International development may be one of the true cases where simpler is better. Gurumuthy explains:
Some forms of joining up do not add services but subtract them, creating much greater simplicity. In international development and humanitarian interventions, there has been a growing focus over the last twenty years on conditional and unconditional cash transfers. Randomised trials have shown that cash transfers are not only more cost-effective than providing aid recipients with food, clothing or shelter, they also increase enrollment at school, children’s nutritional status, and reduce intimate partner violence. There is a good case for donors and aid organisations with single mandates - such as the World Food Programme - to pool their efforts to create effective cash safety nets and meet multiple outcomes together much more cost-effectively than they can do alone.
Getting everythingism right is practice
I think Ezra's Klein’s core idea that there is no real ‘everything bagel’ is true - yet it needs a slight tweak.
Progress requires regulation of the regulation itself. We must hold a dual focus on introducing policy where it is the only solution, while stripping away old rules and regulations that are inhibiting progress today.
This is hard in practice. It's unpopular to take away a regulation if it increases the risk of a single person getting harmed, whereas new policies only need to stack up in a cost-benefit analysis to get a business case fully funded. Up and coming Ministers also don’t win hearts and minds (let alone votes) selling dry reform initiatives.
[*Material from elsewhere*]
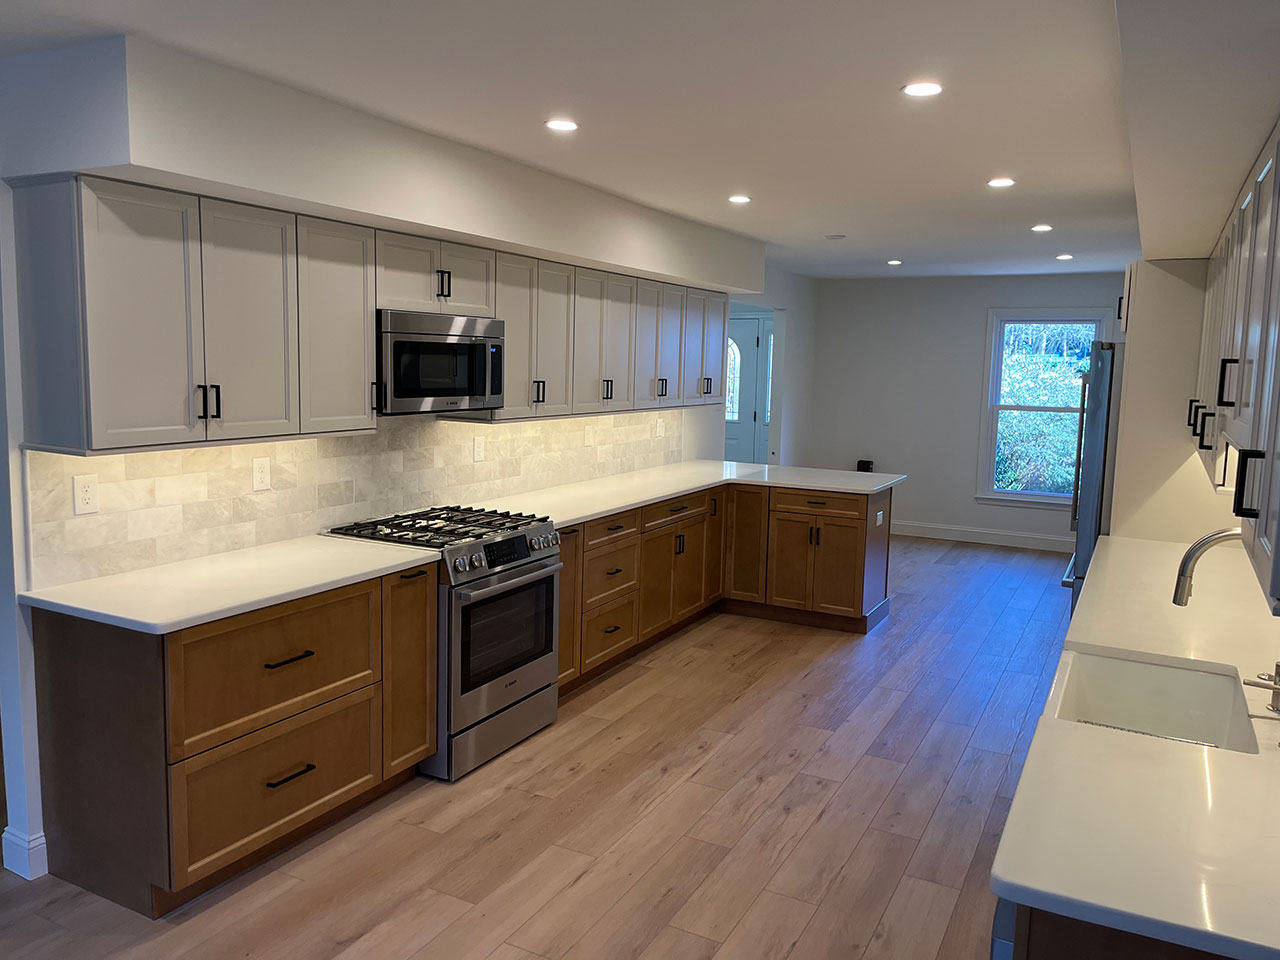 Prince Andrew Ct Kitchen Remodel

Some say that sunset clauses are the answer to this problem - policy with an expiration date. This makes legislative review an active rather than a passive nice to have. Personally, I don’t see this as likely in any Westminster system anytime soon.
So what is to be done?
Firstly, we need a culture that values and prioritises progress. The tools for progress change over time. Policies of old aren’t the bedrock of intellectual knowledge and social welfare - they were means to end for the issues of the day.
The tools we need today are different, just like the tools we’ll need tomorrow. Scrapping old policies is progress, and it’s equally as important as introducing new legislation.
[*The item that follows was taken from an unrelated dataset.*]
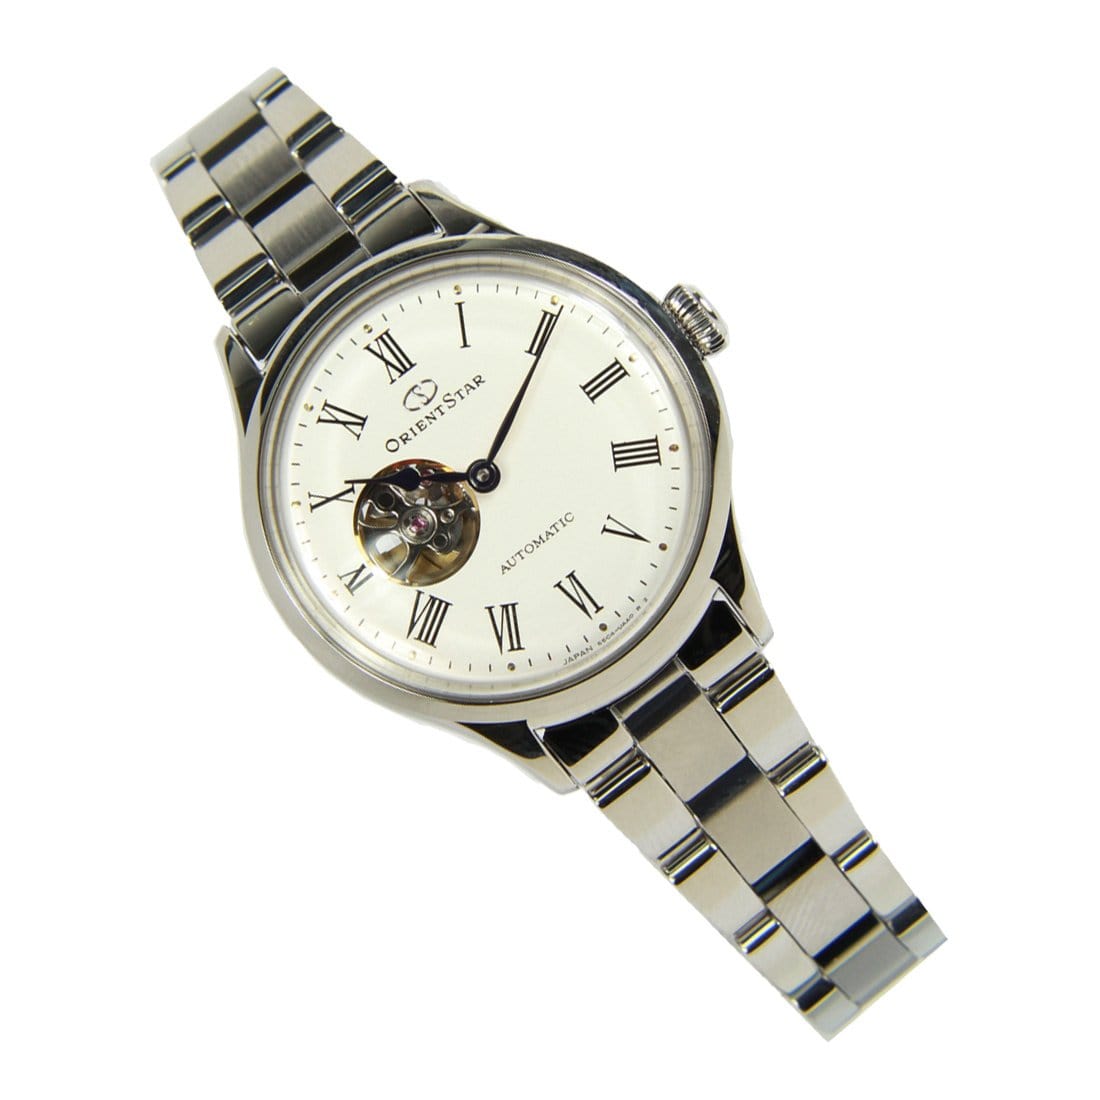 Orient Star Automatic 50M Analog Ladies Watch RE-ND0002S00B

Secondly, ‘focus policymaking’ where one policy targets one outcome is a worthy goal - but it’s not gospel. The Theory of the Second Best is a whole field of welfare economics dedicated to explaining this. Policies have very human consequences, and not all eggs can be unscrambled.
We should avoid everythingism as a general approach to policy making. Instead, we need a new culture that values progress as just as it value humility One that knows when to stop. Or better yet, when to let go.